Die Aufklärung suchte nach Gewissheiten

Die europäische Aufklärung ist ganz durchtränkt vom Geiste der Kritik. Vor allem die aufklärerische Bibelkritik hat das kritische Denken damals sogar in die Religion getragen. Denn sie arbeitete die historischen und subjektiven Bedingungen der Entstehung von Bibeltexten heraus. Dadurch wurde der Anspruch einer direkten Gottesbotschaft durch diese Forschungen zur Historizität der Bibel stark relativiert. Silvio Vietta erläutert: „Die Aufklärung verfolgte dann auf der Grundlage der Erkenntnisse neuzeitlicher Naturwissenschaften über den Kosmos und auch Menschen das Ziel, endlich klar zwischen falschen und richtigen Urteilen über die Welt zu unterscheidenden. Sie suchte in Bezug auf die Wahrheit nach „Gewissheit“. Der Vorreiter dieser Denkbewegung war René Descartes. Prof. em. Dr. Silvio Vietta hat an der Universität Hildesheim deutsche und europäische Literatur- und Kulturgeschichte gelehrt.

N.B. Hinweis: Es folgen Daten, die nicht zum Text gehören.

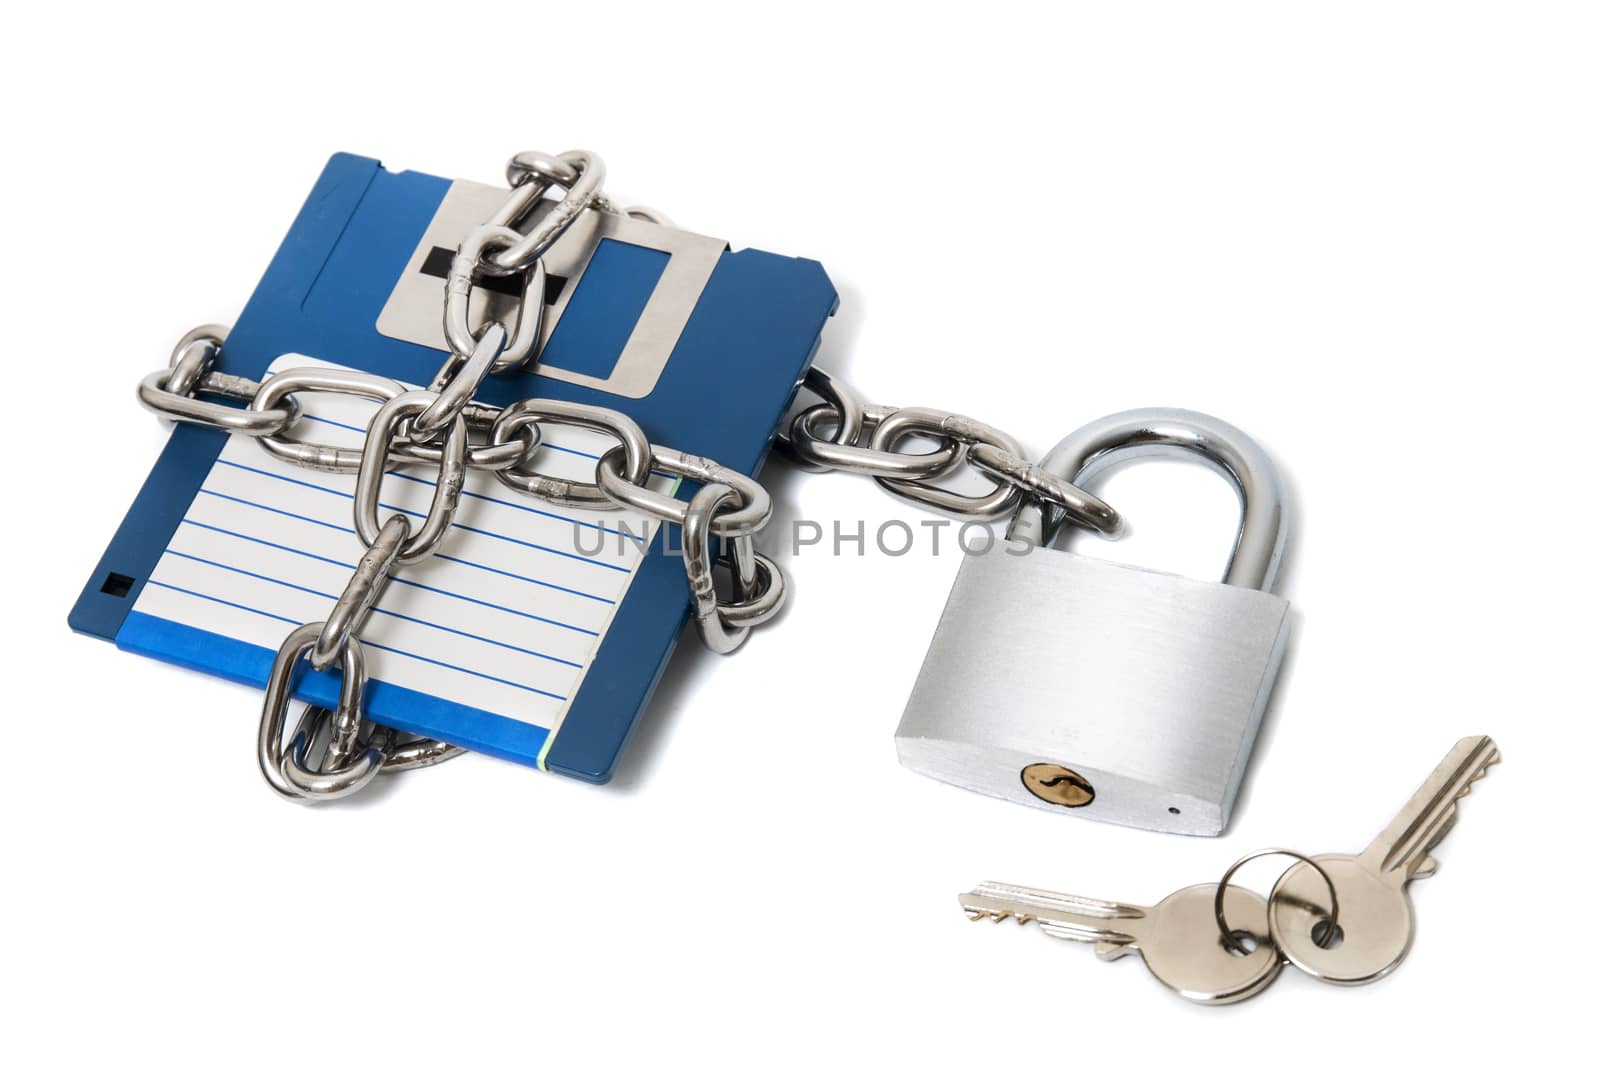 padlock with floppy disk and chain isolated on a white background.

Immanuel Kant schrieb drei große Kritiken

Und René Descartes findet mit seiner kritischen Spürnase im denkenden Ich eben jenen sicheren Grund der menschlichen Erkenntnis und ihrer Kritikfähigkeit. Dies allerdings nur, wenn der Mensch seinen Verstand richtig gebraucht. Die Philosophie der Aufklärung wird somit Kritik des menschlichen Erkenntnisapparates und seines richtige Gebrauchs. Der große Paukenschlag einer fundamentalen Neudefinition von „Kritik“ ist mit dem Namen Immanuel Kant verbunden.

Immanuel Kants drei große Kritiken waren mehr als eine bloße Beurteilungskunst, wie die philosophische Aufklärung den Begriff der Kritik bereits gedeutet hatte. Kant will insbesondere in seiner „Kritik der reinen Vernunft“ die Denkmöglichkeiten, aber auch die Grenzen der Vernunft an sich ausloten. Und dies unabhängig von der Erfahrung und damit auch allen möglichen Spekulationen darüber hinaus das Wasser abgraben. Seine fundamentale Kritik der Vernunft war „Wissenschaft der bloßen Beurteilung der reinen Vernunft, ihrer Quellen und Grenzen. Damit sagt er auch allem Dogmatismus den Kampf an.

Kritik verbindet sich häufig mit Ideologie

Schon in seiner „Prolegomena“ hatte Immanuel Kant geschrieben: „So viel ist gewiss: wer einmal Kritik gekostet hat, den ekelt auf immer alles dogmatische Gewäsch“. Kritik wird dann im 19. und 20. Jahrhundert zu einem Hauptkampfbegriff der Philosophen vor allem gegen den „Heiligenschein“. Silvio Vietta stellt fest: „Das Problem allerdings ist, dass Kritik sich da häufig selbst mit Ideologie verbindet, mithin einem neuen, ebenfalls parareligiösen Dogmatismus verfällt.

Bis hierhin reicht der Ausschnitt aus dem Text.